Adventures in Machine Learning

Exceptional Python: Resolving TypeError Through Custom Exception Classes

Understanding TypeError: Exceptions Must Derive from BaseException

Programming languages rely heavily on exceptions to inform developers when something unexpected happens in their code. An exception is an error that occurs during runtime, causing the program to halt.

In Python, exceptions must derive from the BaseException class. Failing to follow this rule results in a TypeError.

This article provides insights into the causes and resolution of the TypeError.

Causes of the TypeError

The raise keyword in Python is used to trigger an exception. However, when you use a string instead of a class derived from BaseException, you get a TypeError.

For example, the code below would raise a TypeError:

raise "Invalid input"

When an error occurs in a program, the interpreter generates an error message to help pinpoint the issue. However, if the error message is not derived from BaseException, the interpreter crashes, and you get a TypeError.

Resolving the TypeError

When dealing with exceptions in Python, you have two options. You can use built-in exception classes or create your own custom exception class.

The built-in exception classes include AssertionError, ValueError, RuntimeError, and many others. These classes are derived from the Exception class, which, in turn, is derived from the BaseException class.

If you decide to create your own custom exception class, you must ensure that it derives from the Exception class. The Exception class provides a robust set of methods that you can customize to suit your needs.

When defining your custom exception class, remember to add a suitable error message that describes the issue. For instance, suppose you want to create a custom exception class named MyException.

Here’s an example of how to define the class:

class MyException(Exception):
  def __init__(self, message):
    self.message = message

Also, ensure that your traceback includes the location of the code that triggered the exception.

Best Practices for Creating Custom Exception Classes

Why Use the Exception Class Instead of BaseException Class?

When creating a custom exception class, it is essential to know the differences between the Exception class and the BaseException class.

Using the Exception class is recommended over BaseException because it provides additional functionality to handle exceptions. The Exception class provides a traceback object, which you can use to trace the error from the point it occurred back to the code’s origin.

When using BaseException, you risk interrupting the normal functioning of the interpreter. For instance, suppose you have a try-except block in your code and catch an error derived from BaseException.

In that case, it will stop the program, including interrupting the handling of the SystemExit exception.

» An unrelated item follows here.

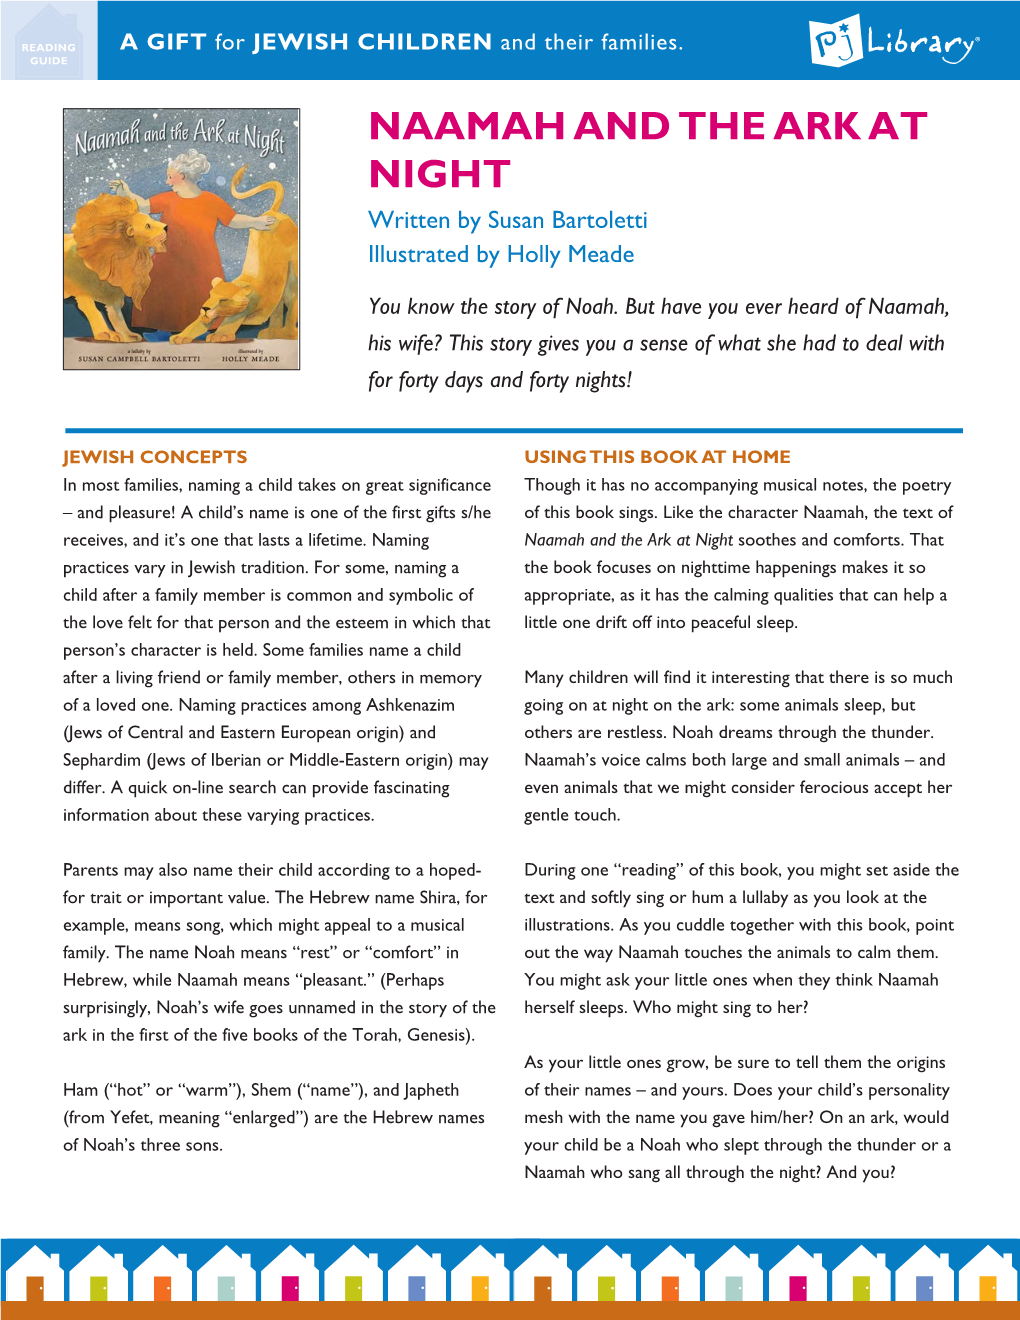 NAAMAH and the ARK at NIGHT Written by Susan Bartoletti Illustrated by Holly Meade
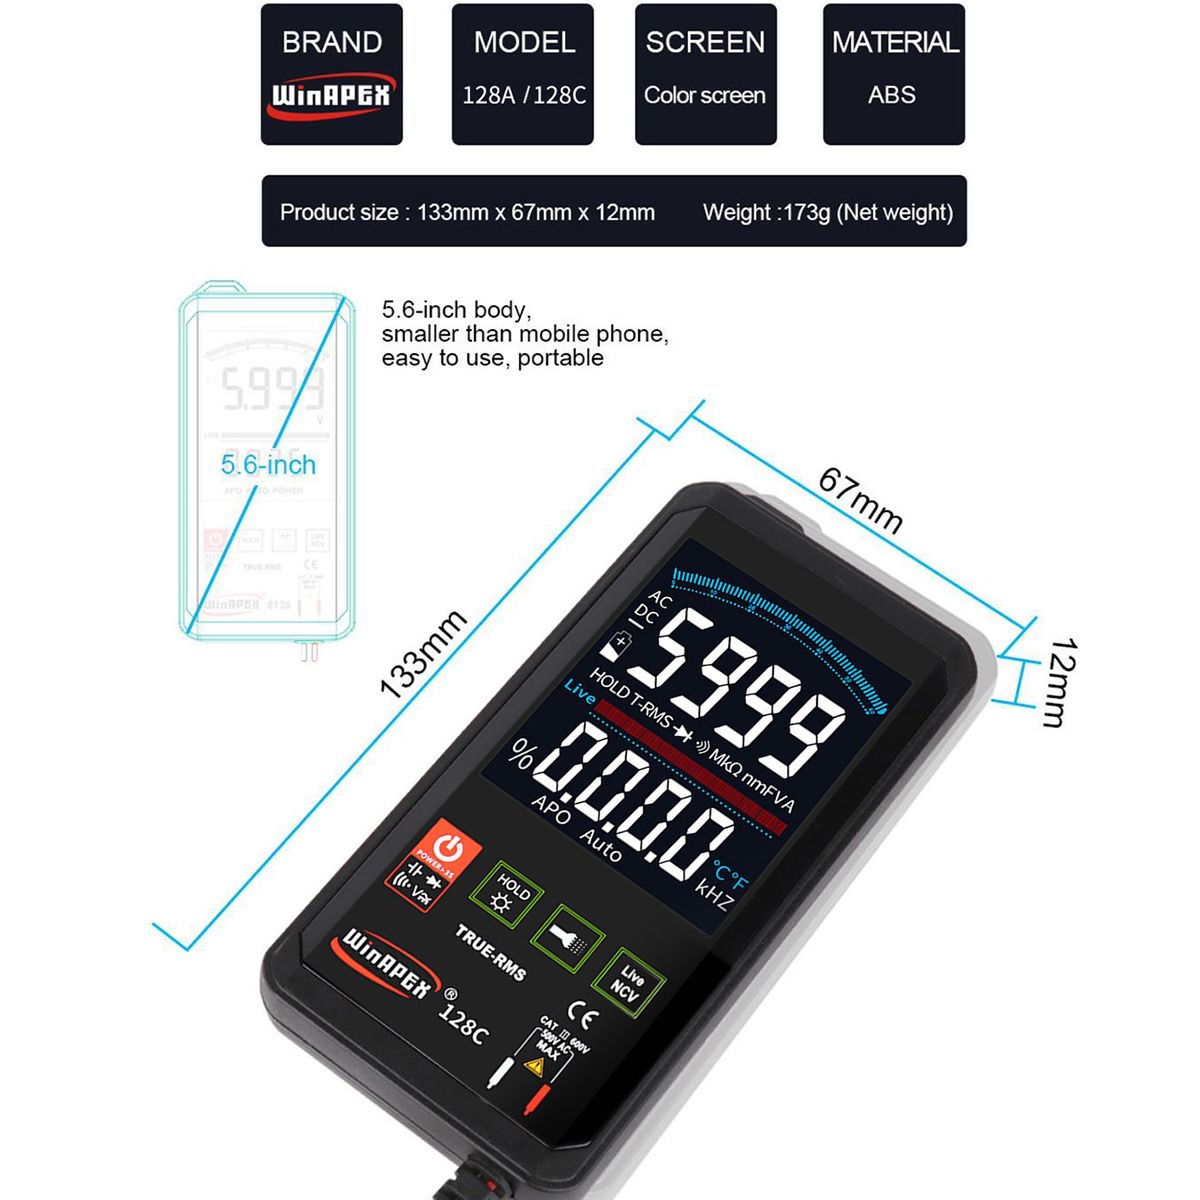 Touch-LCD-Digital-Multimeter-RMS-Auto-Tester-Transistor-AC-DC-Voltmeter-Ohmmeter-1712075

Recommendations for Creating Custom Exception Classes

  1. Use the Exception class as a superclass when defining your custom exception class.
  2. Define error messages that describe the issue and help the user to troubleshoot the problem.
  3. Namespacing your exceptions could help keep the code organized, making it easier to debug and maintain.
  4. Add an error code to the exception class to help customers identify the issue.


Exceptions are an essential part of Python programming. Understanding how exceptions work, their various causes, and resolutions is crucial for building more robust and maintainable code.

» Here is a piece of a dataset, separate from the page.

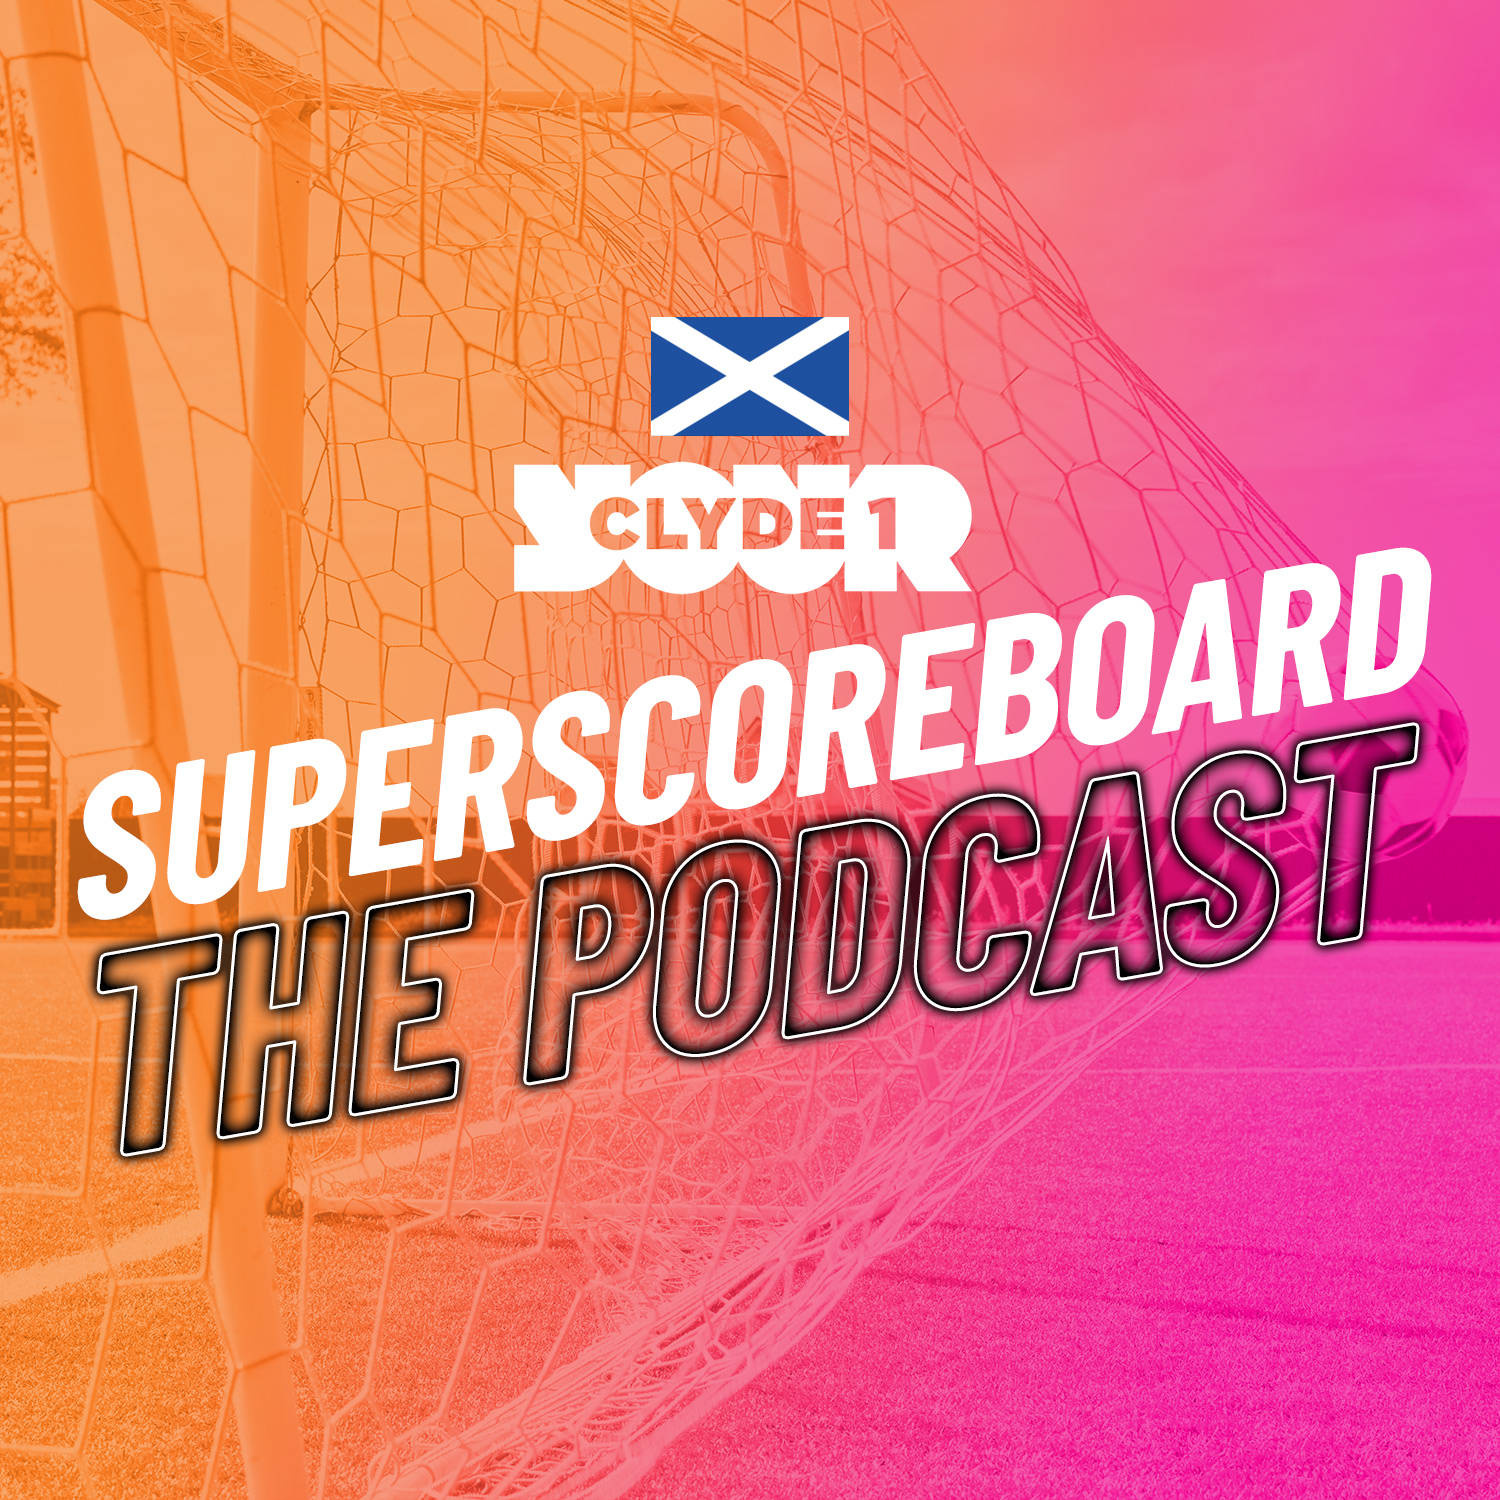 Sunday 28th April Clyde 1 Superscoreboard – Part 3

In summary, you can avoid raising the TypeError by ensuring that any exceptions you raise derive from BaseException. Additionally, when creating custom exception classes, it is recommended to use the Exception class as the superclass and define clear error messages.

Finally, namespacing and error codes help keep your exceptions organized and enable customers to identify the issue. Exception handling in Python can be a critical part of writing a robust and maintainable codebase.

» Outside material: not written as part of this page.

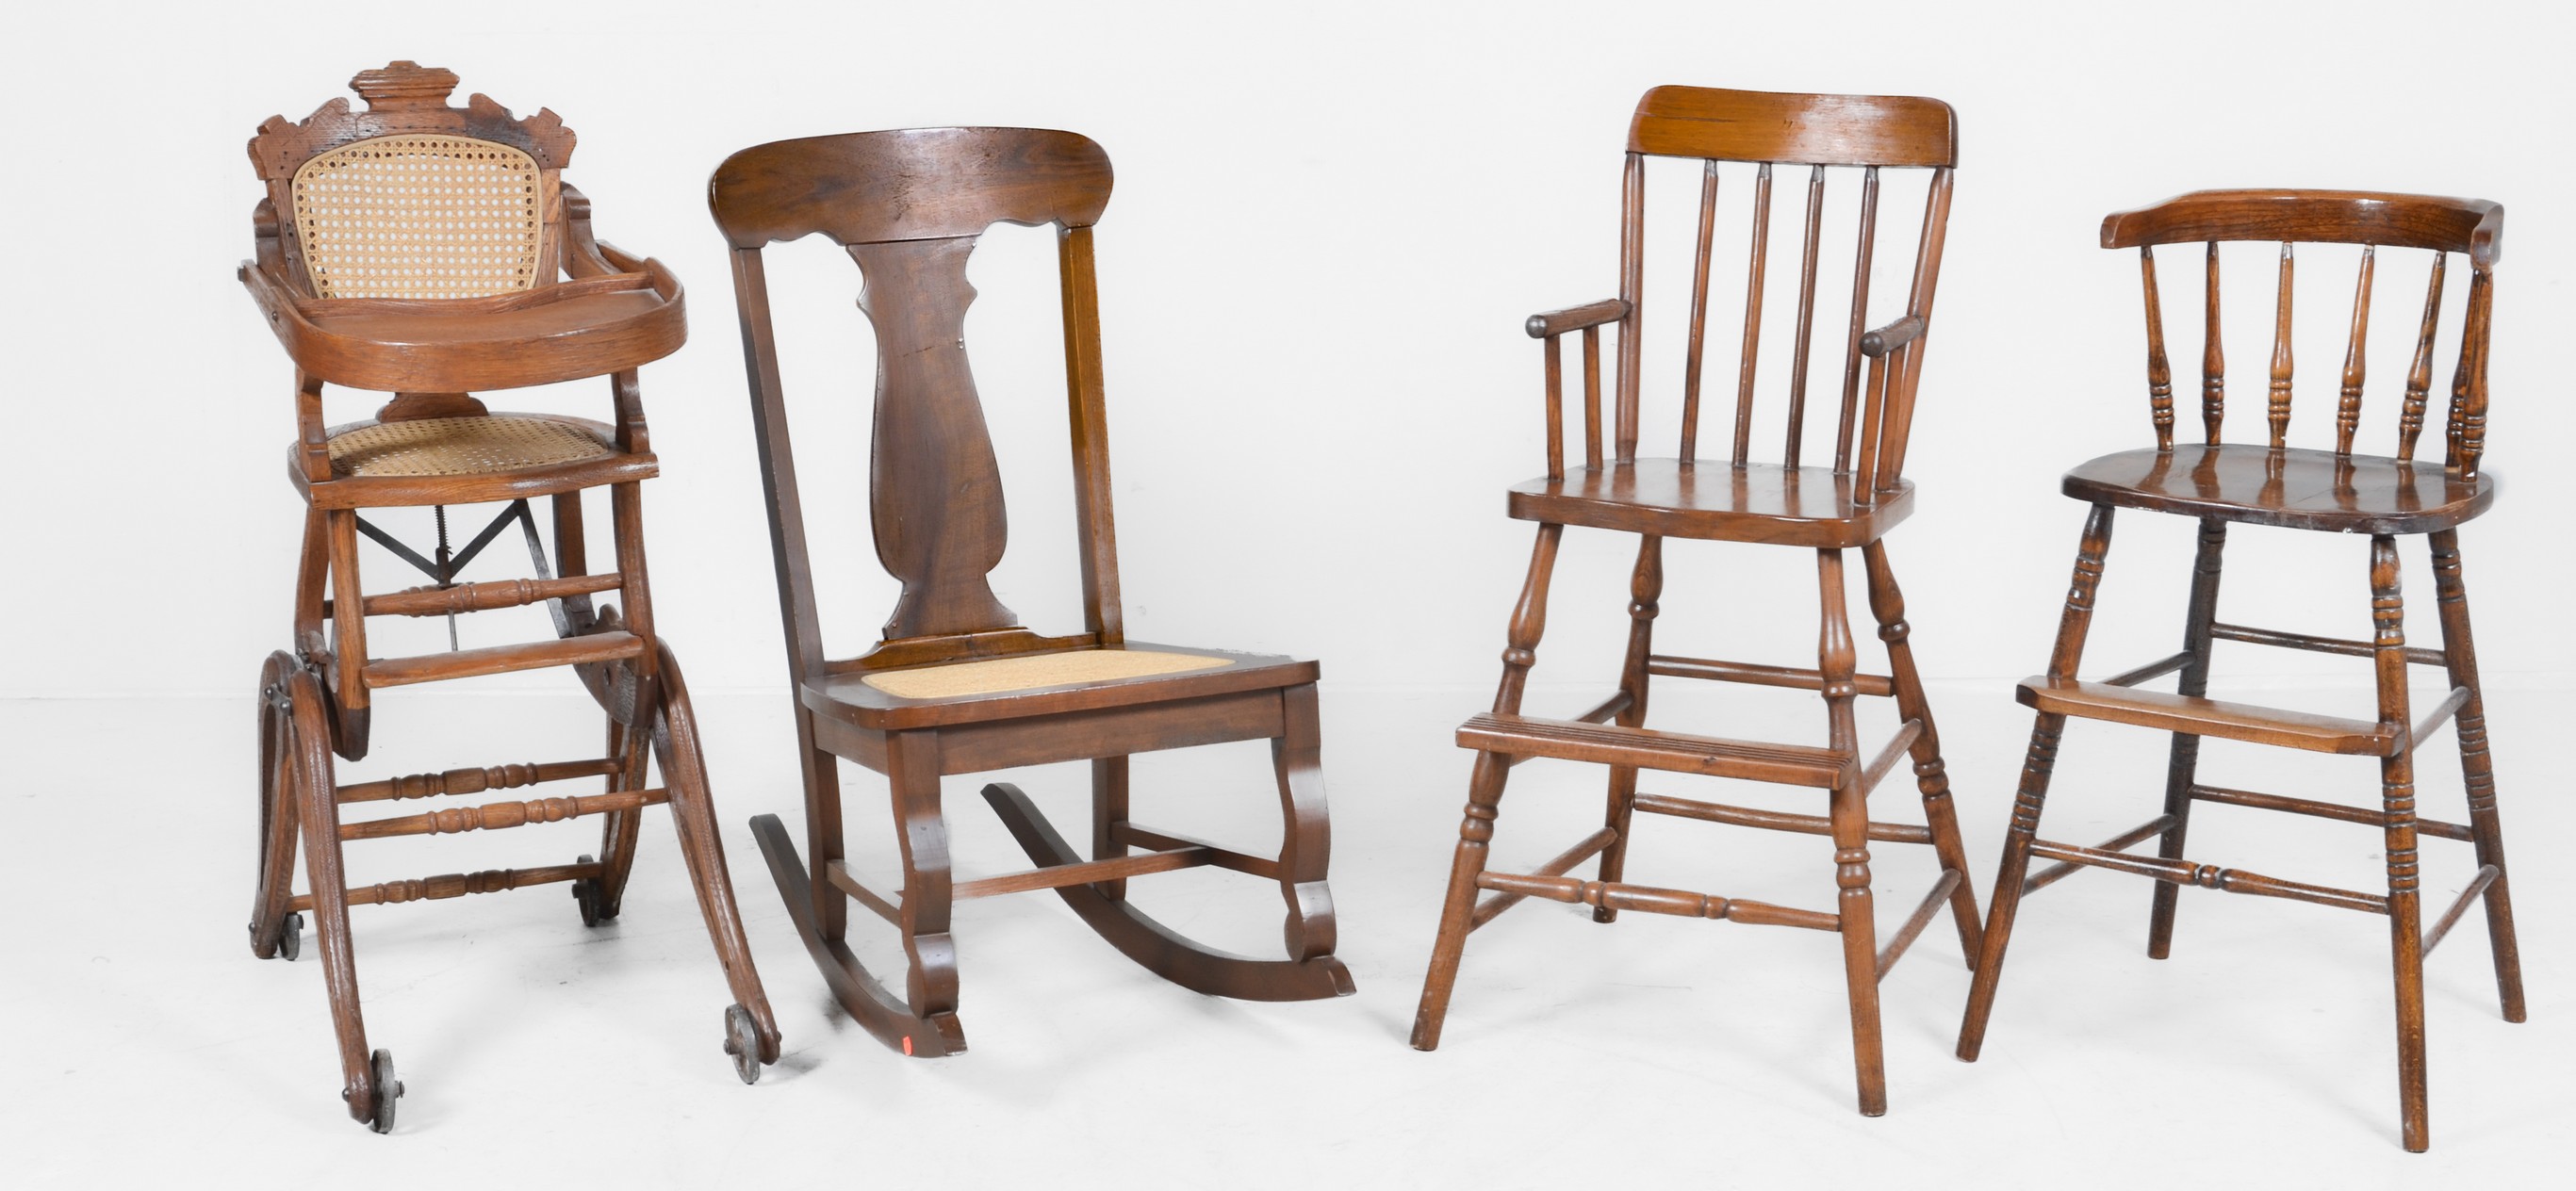 (4) Child's chairs, c/o Victorian

Understanding how to handle exceptions through either built-in exception classes or custom exception classes is essential to producing code that functions correctly. This article has covered some of the primary causes of the TypeError message, as well as solutions to resolve the issue.

It has also discussed best practices concerning custom exception classes for Python. We will now explore these topics in more detail, adding 1000 words of content to the article.

Fixing the TypeError

TypeError occurs in situations where developers have tried to raise an error with a string value. One common place where this mistake manifests is during input validation.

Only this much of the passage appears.